**Exercise materials**
|---|

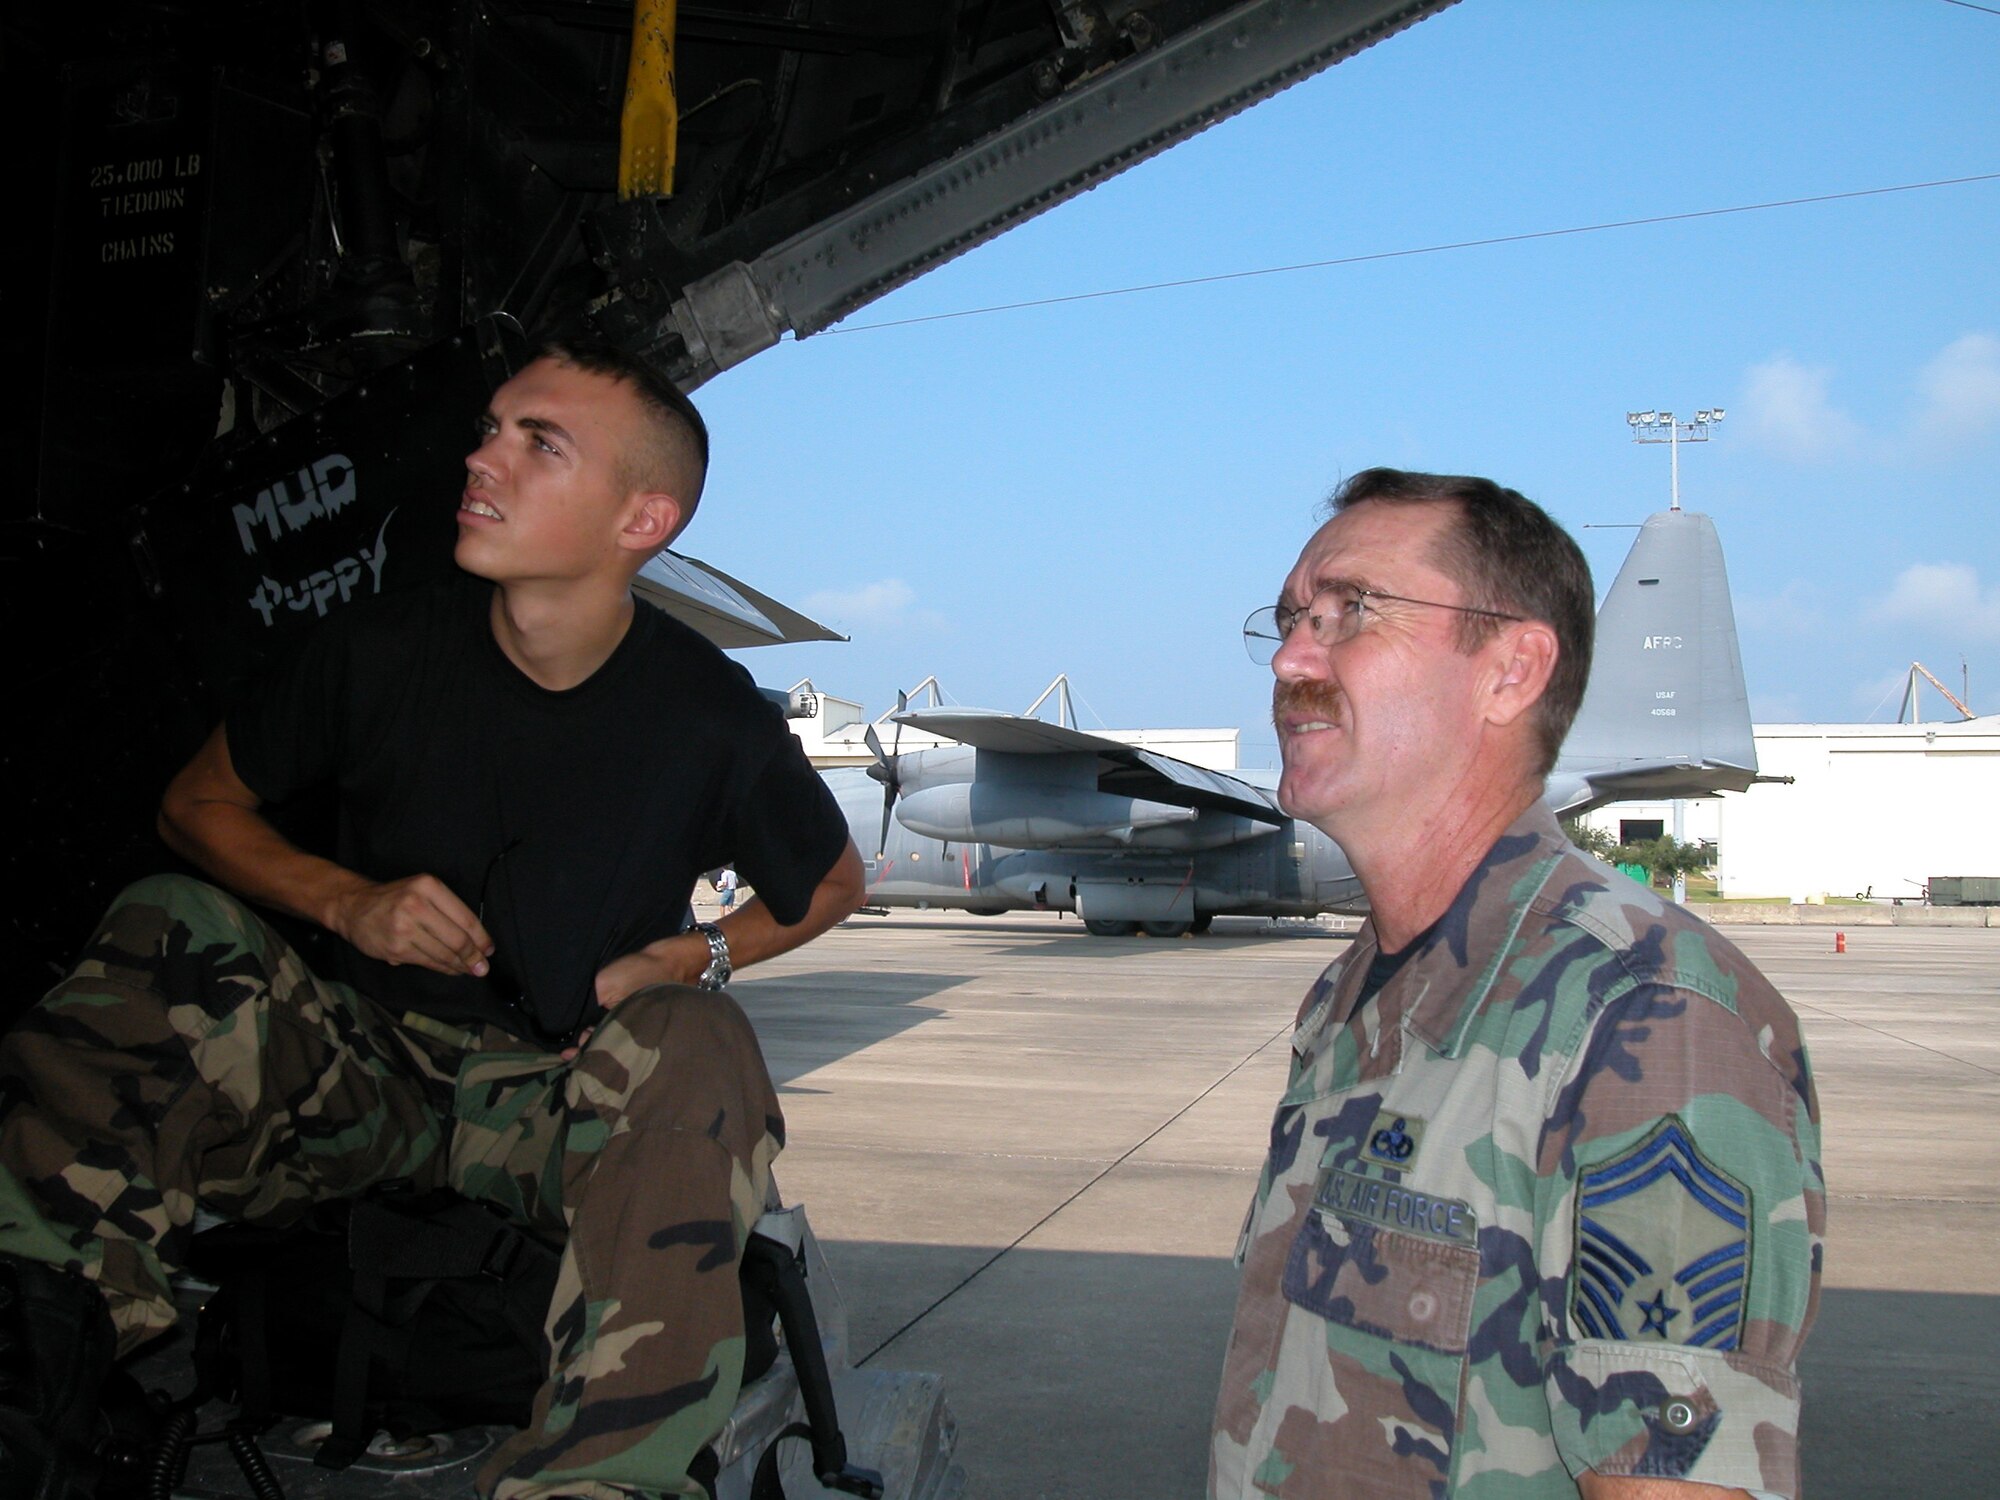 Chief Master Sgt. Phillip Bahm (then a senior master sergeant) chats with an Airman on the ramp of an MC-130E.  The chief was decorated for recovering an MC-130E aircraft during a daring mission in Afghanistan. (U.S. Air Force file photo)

|---|

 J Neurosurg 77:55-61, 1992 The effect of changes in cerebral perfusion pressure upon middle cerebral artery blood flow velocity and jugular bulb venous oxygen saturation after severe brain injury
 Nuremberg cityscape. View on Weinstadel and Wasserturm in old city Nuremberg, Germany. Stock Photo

|---|

Set down, from the entries above, exactly the lines from the one with "J Neurosurg 77:55-61, 1992" up to and including the one with "Nuremberg cityscape. View", and no other lines.

 J Neurosurg 77:55-61, 1992 The effect of changes in cerebral perfusion pressure upon middle cerebral artery blood flow velocity and jugular bulb venous oxygen saturation after severe brain injury
 Nuremberg cityscape. View on Weinstadel and Wasserturm in old city Nuremberg, Germany. Stock Photo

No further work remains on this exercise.